Now, let's calculate the height of the ice cube that is above the surface of the water:
The ice cube displaces a volume of water equal to its own volume when it floats. The volume of a rectangular prism (the ice cube) is given by:
Volume = length x width x height
Since we only need to find the height above the water surface, we can disregard the length and width.
Volume of the ice cube (V) = h_ice x 1 x 1 = h_ice
The weight of the displaced water is given by:
Weight = density x volume x g
where g is the acceleration due to gravity (approximately 9.8 m/s²).
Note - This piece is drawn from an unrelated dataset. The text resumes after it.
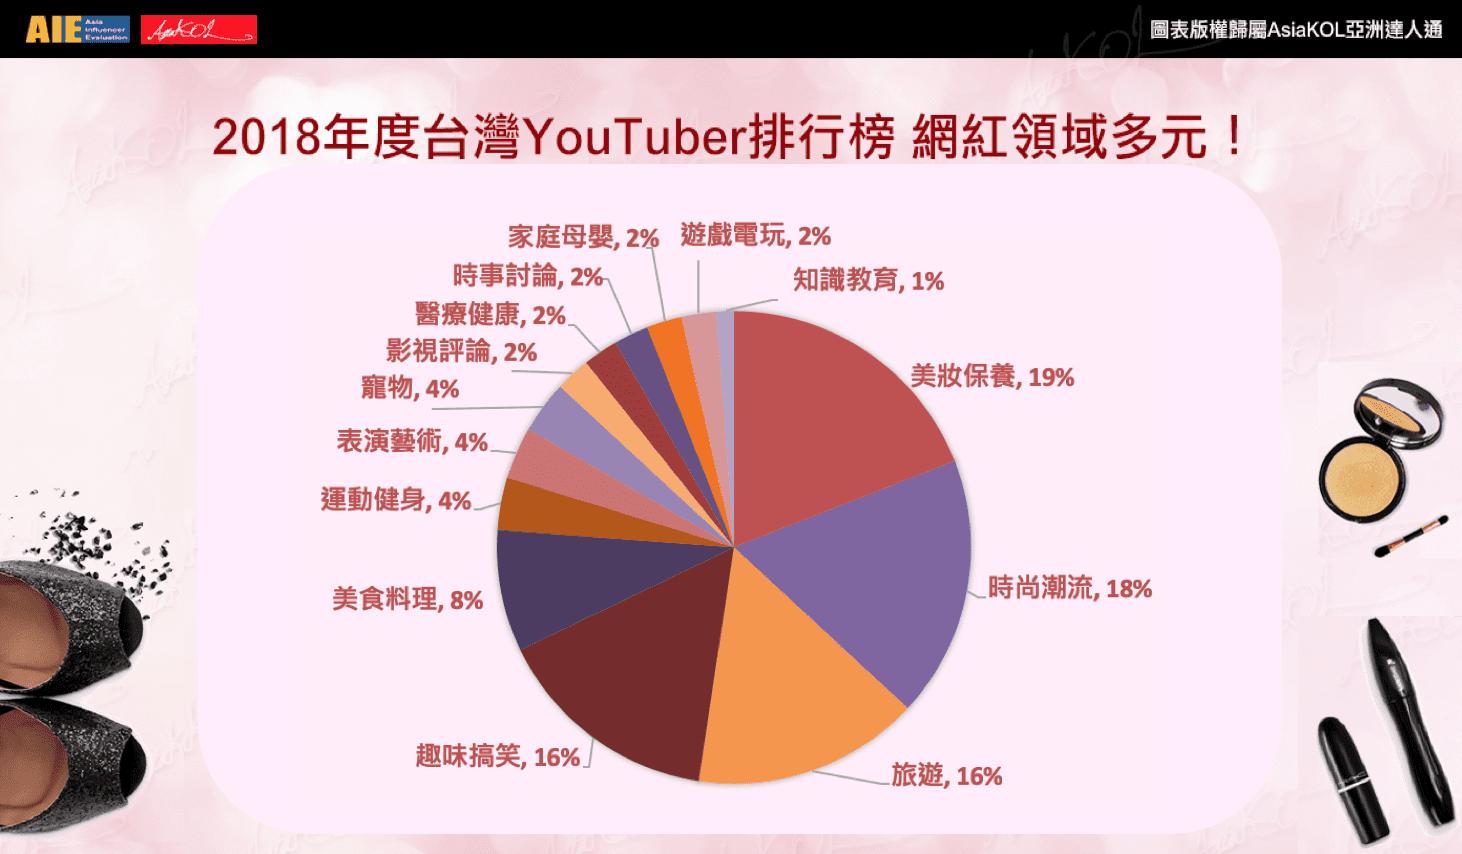 AsiaKOL帶你見識社群影響力 快看2018年度台灣YouTuber排行榜!

Weight of the ice cube = ρ_water x V x g
Since the weight of the ice cube is equal to the weight of the displaced water, we can equate the two:
Weight of the ice cube = Weight of the displaced water
ρ_ice x V x g = ρ_water x V x g
We can cancel out the volume (V) and the acceleration due to gravity (g) from both sides of the equation:
ρ_ice = ρ_water
Now we can solve for h_ice, which is the height of the side of the ice cube above the surface of the water:
h_ice = ρ_water / ρ_ice
Substituting the values we have:
h_ice = 1000 kg/m³ / 9.20 x 10² kg/m³
Performing the calculation:
h_ice = 1.09 x 10⁻³ m
Therefore, the height of the side of the ice cube above the surface of the water is approximately 1.09 mm.